ASSIGNMENT:
Could you retype exactly the line containing "Bücherregal - Classic" and every line after it in the data below, leaving out the pictures?

DATASET EXTRACT:
-------

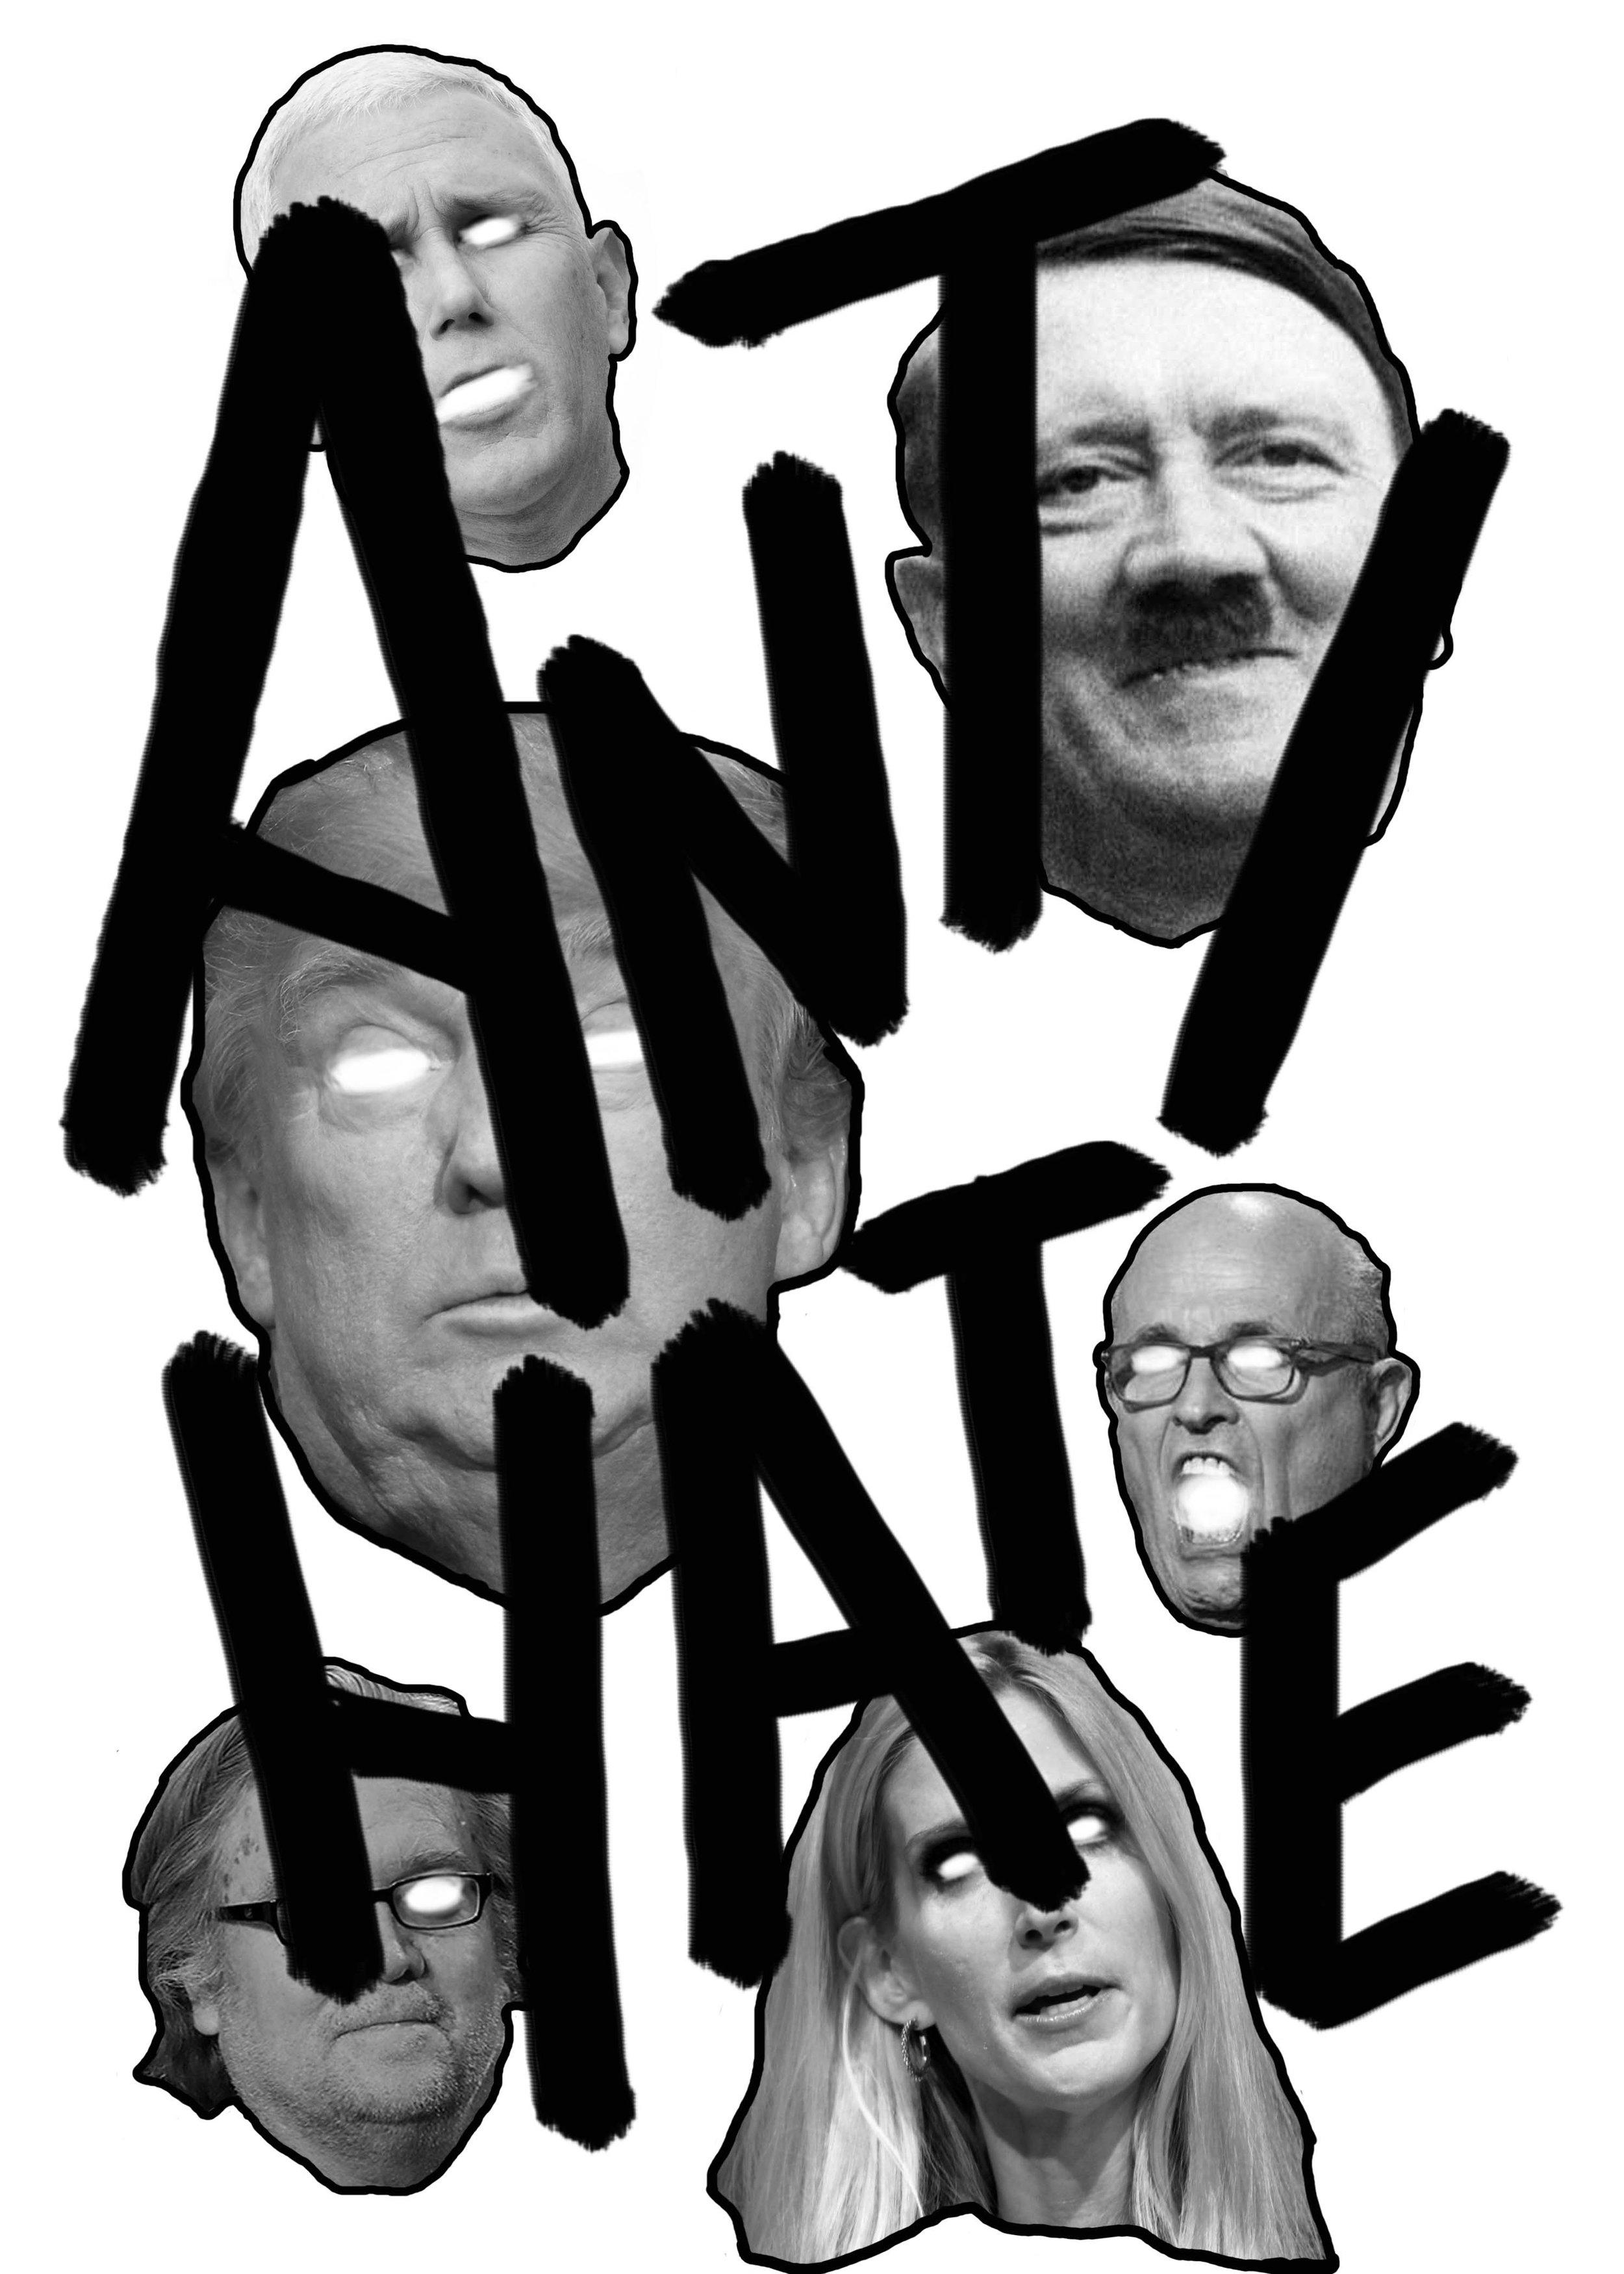 antihatefrontcover.jpg
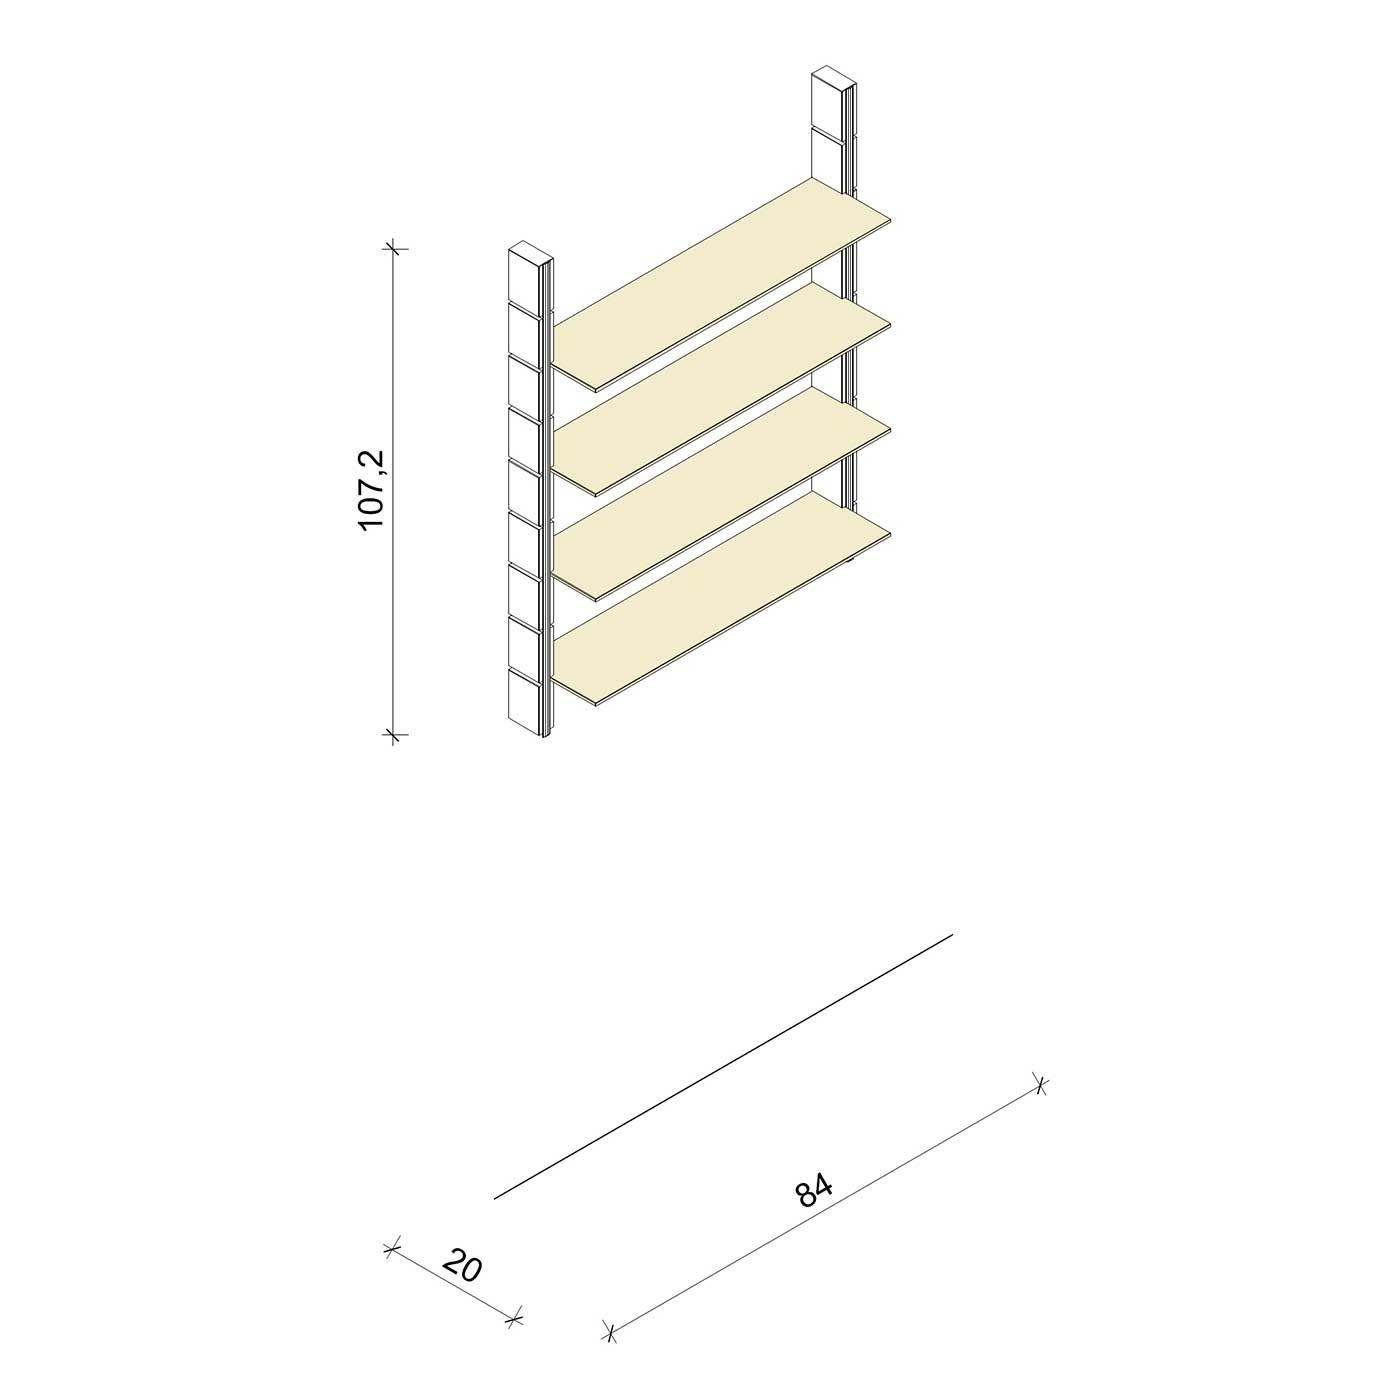 Bücherregal - Classic (M) 84 - Maß: 84 x 107,2 x 20 cm (B x H x T)
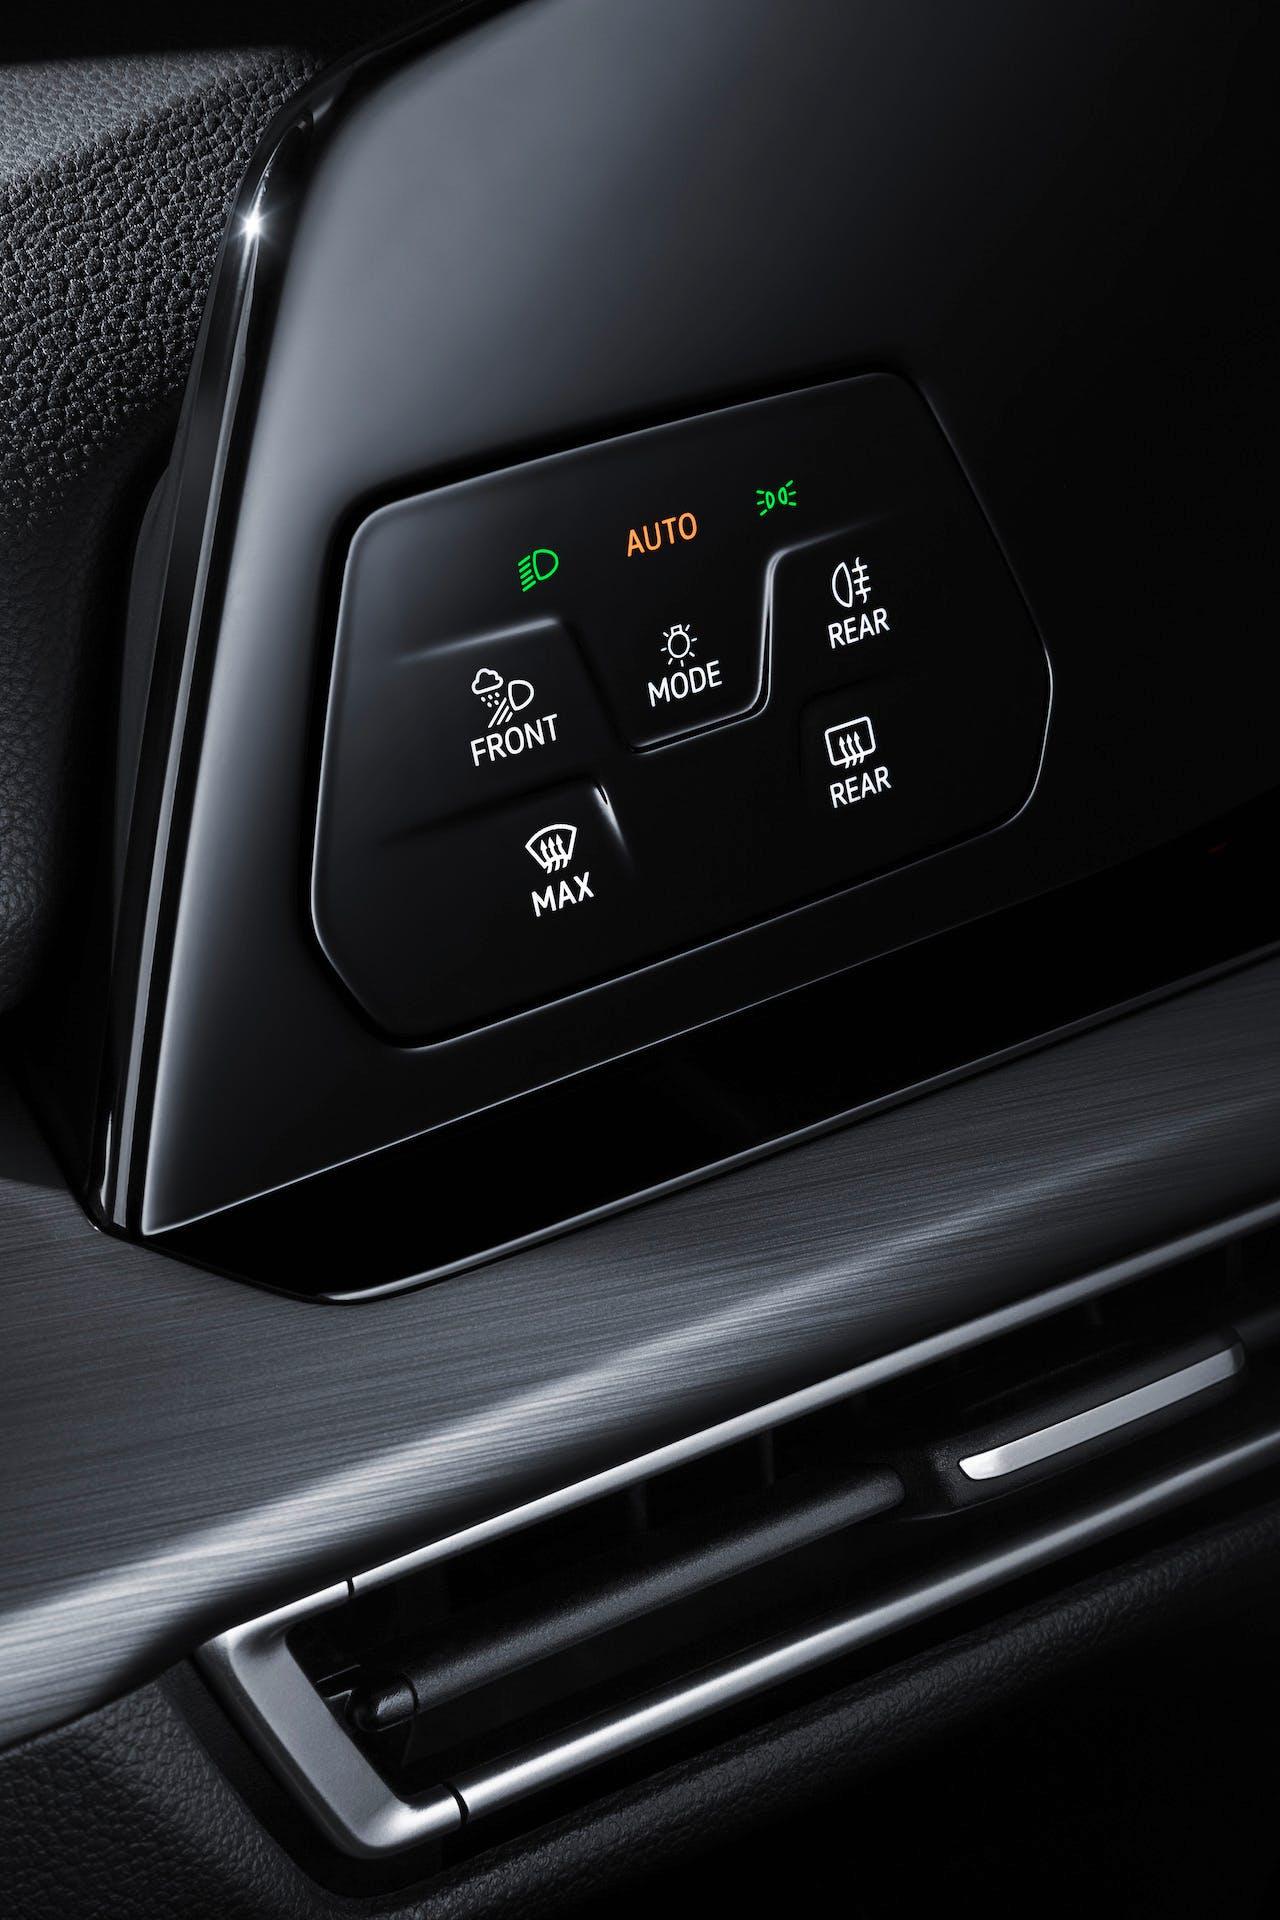 Nuova Volkswagen Golf 8 tasti volante

-------

EXPECTED ANSWER:
 Bücherregal - Classic (M) 84 - Maß: 84 x 107,2 x 20 cm (B x H x T)
 Nuova Volkswagen Golf 8 tasti volante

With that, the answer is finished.